Ok, this is ridiculous. Do home builders just not care?
I've done my share of moaning and groaning about how well (or how poorly) my house was built. Errant pipes here, wires run underneath ceiling joists in the basement, massive pipes protruding from various walls and supports, the non-squareness of the walls, etc. I know that the builders are working with imperfect supplies and wood bends. Sometimes the easiest approach looks like the best one. Sometimes it is. I don't think that's always the case.
I try to cut them some slack. Coming in and doing work after someone was already there can be tricky and daunting. It's a lot like software. It's in pretty much every industry.
But today I found something in my house that is making me livid (and I don't usually get mad; frustrated, yes, annoyed, sure, but mad, rarely). We've had issues with our air conditioning ever since we moved into this house. The house gets pretty hot in the summer time. For a long time we've attributed the problem to the air conditioner not working or needing more coolant, or whatever. We've paid for people to come out every year (yes EVERY YEAR) and fix it. The fix has been temporary at best. There has always been one vent (in the small bathroom) that hasn't ever really worked. I always assumed that there was blockage.
Well, to help mitigate the problems we've been having we hired a duct cleaner to come out today and do his magic (it's been long overdue anyway). In attempting to clean out the bathroom duct he noticed that he wasn't getting any suction. He reached his hand in and felt insulation. No, it wasn't insulation that was in the pipe, it was insulation because the pipe wasn't connected to the boot. He could see light through the vent. Grrr.
Now it just happens that we just finished (and by just I mean yesterday) drywalling, taping, mudding, and texturing the walls in the basement. This wasn't looking good. The only bright point to this whole rant is that there is just one place in the whole basement that isn't finished: the utility room. The bathroom happens to sit right above the utility room. Thank heavens!

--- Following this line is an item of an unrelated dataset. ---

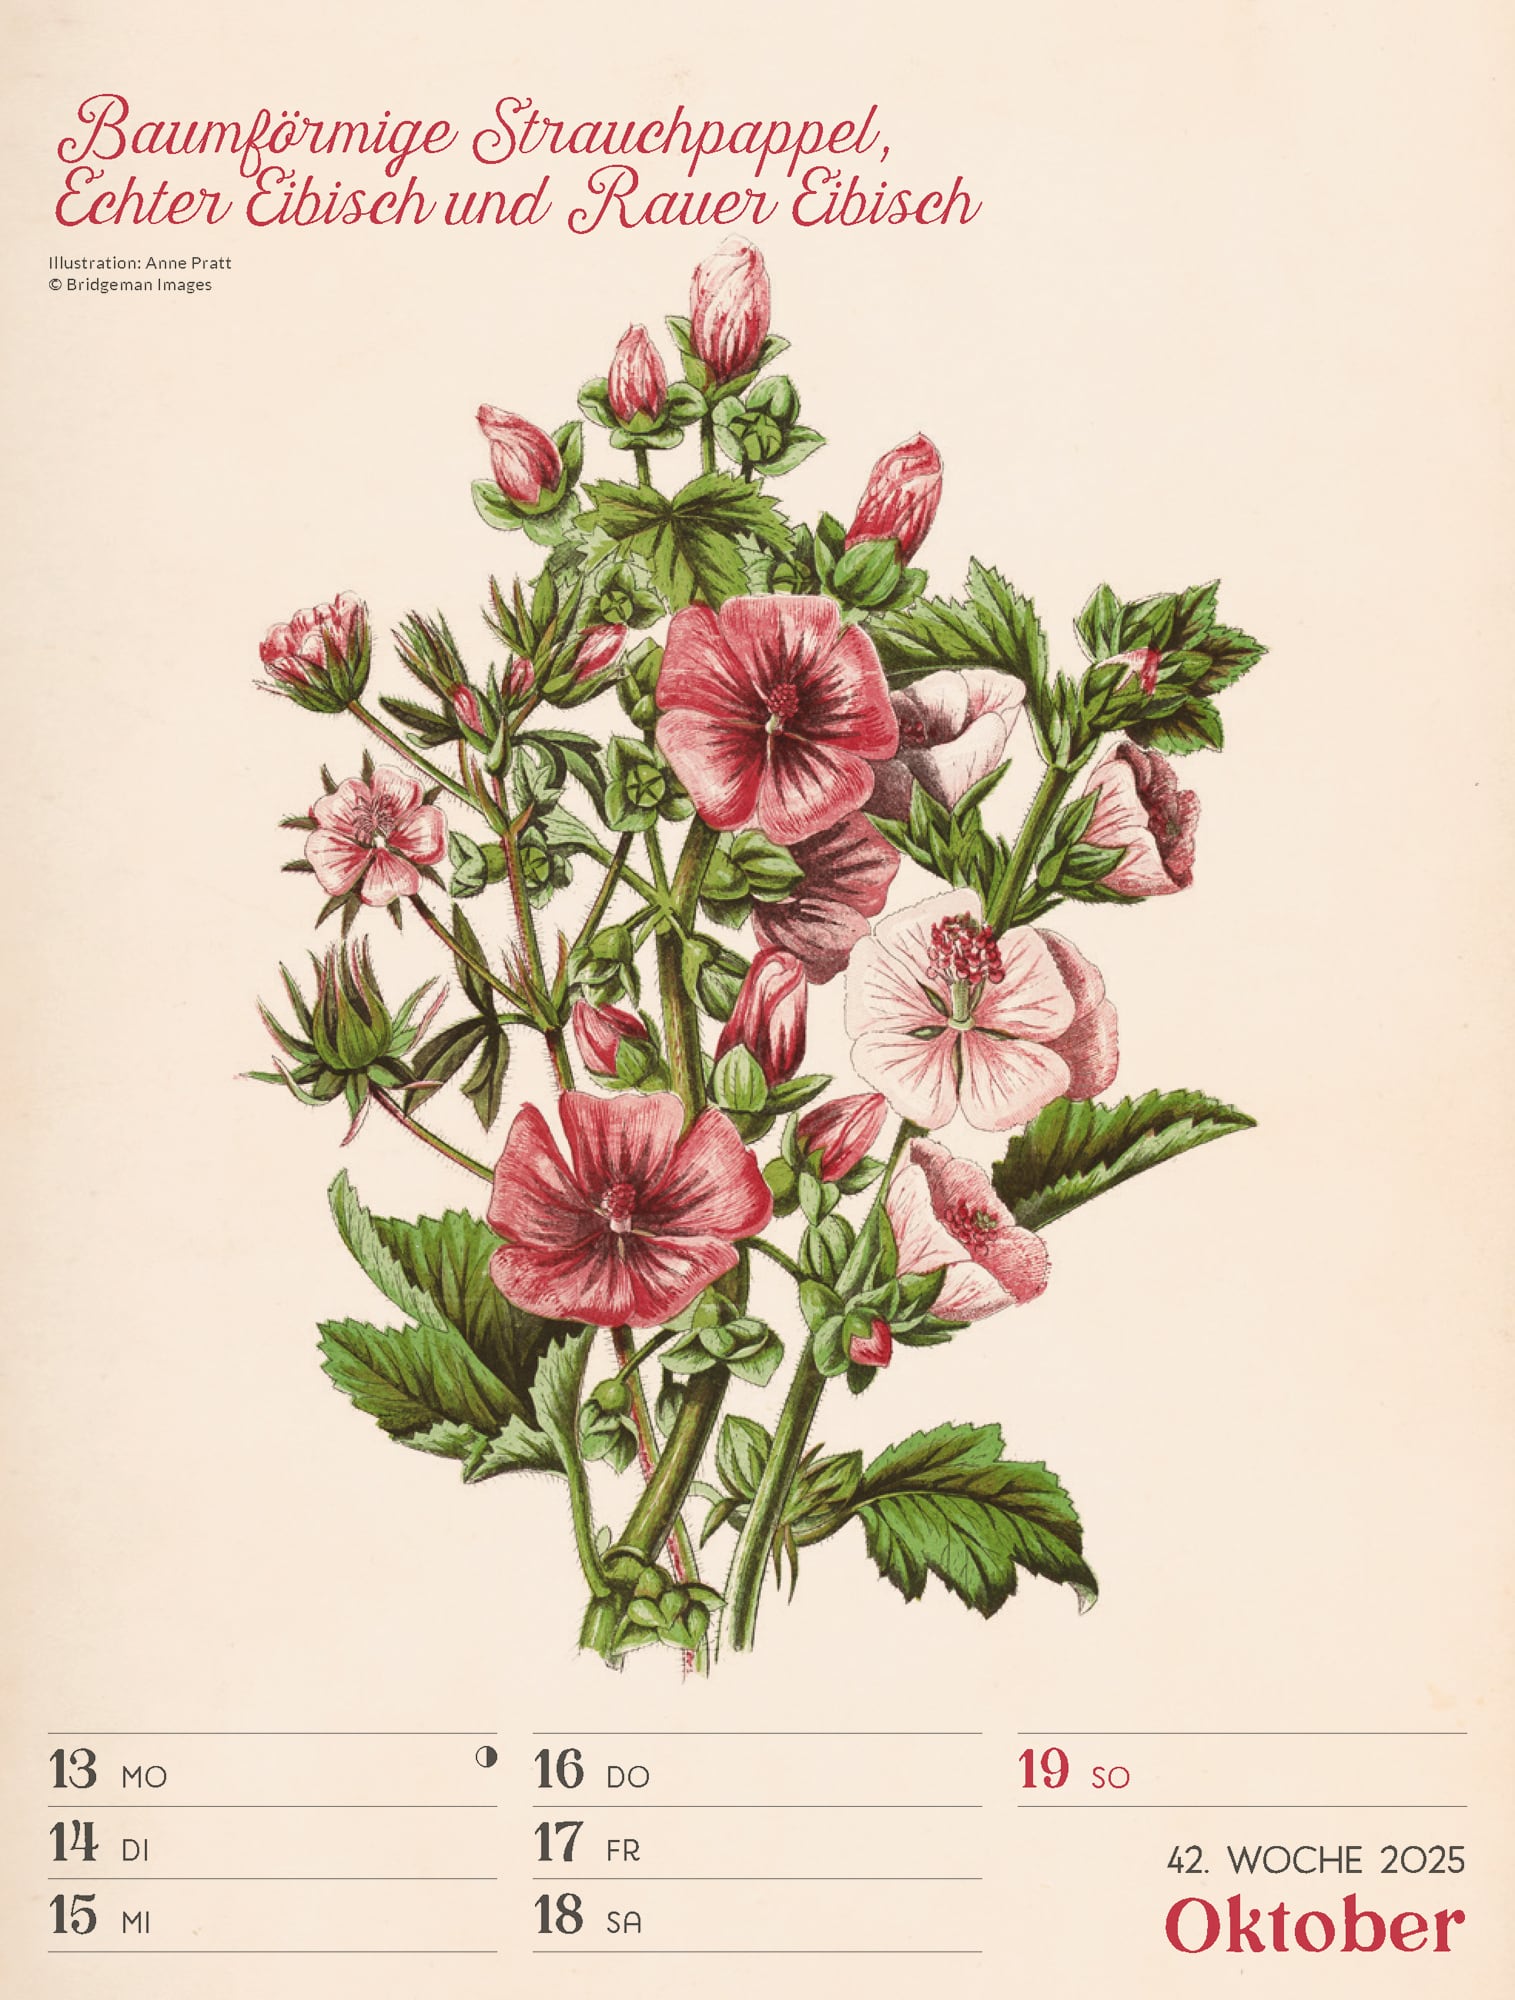 Ackermann Calendar Ars Floralis 2025 - Weekly Planner - Inside View 45

So we went down to have a look. Sure enough, the boot is sitting there attached to the bathroom floor in the ceiling. There's also a pipe that should be attached. It's just sitting there. The end closest to the boot had duct tape on it. At the other end of the pipe was an elbow. The elbow should be attached to the main air conditioning shaft. Upon inspecting the elbow, however, it was never dove-tailed, cut, taped, screwed anything - it looked as pristine as it would be in the store. Frustrated, I then felt around for a hole. Sure enough, there it was.
But it gets better. It wasn't that it wasn't connected - that would be an easy fix. The builders, in their great wisdom, saw fit to run a floor joist smack over the middle of the hole - right in line with the boot to the vent in the bathroom. There is no way it was ever connected, nor could it be.
Now it turns out that this hole is the hole nearest to the air conditioning unit. Naturally it would receive the greatest amount of air pressure. For seven years we've been venting the majority of our air into the insulation below our bathroom, robbing the rest of the house of much needed cooled air. No wonder it's never really cooled off the house and our electrical bills have been astronomical.
I don't know how this ever passed inspection. I wonder if it was even inspected. I wonder how someone could just not care enough to finish the job. I guarantee that had it been the builder's house things would have been different.
Chalk that up for yet another problem :-(
- The entire circuit breaker was wired backwards (we had incessant breaker tripping for years just running the microwave and a blender at the same time) which had led to countless computer hardware issues and crashed drives because of surges.
- I had to furr down almost the entire basement because of pipes and wires running beneath all of the joists.
- Air conditioning ducts never even connected. The pipe was just laying there, never even connected - venting the majority of air into the insulation beneath the bathroom.
I know that there's pressure to get stuff built. There are time constraints, but do we just not care about the quality of anything anymore? Everything is disposable, nothing is made to last. This is ridiculous to saddle someone with a half-baked, not even working product and call it good with a clean conscience. Had I not been doing this inspection I never would have known the problem and would have lived on, ignorant of the problems within the system, tolerating the output.
It's a lot like crappy software. I'm sick of a lack of quality. Where's the pride in what we do?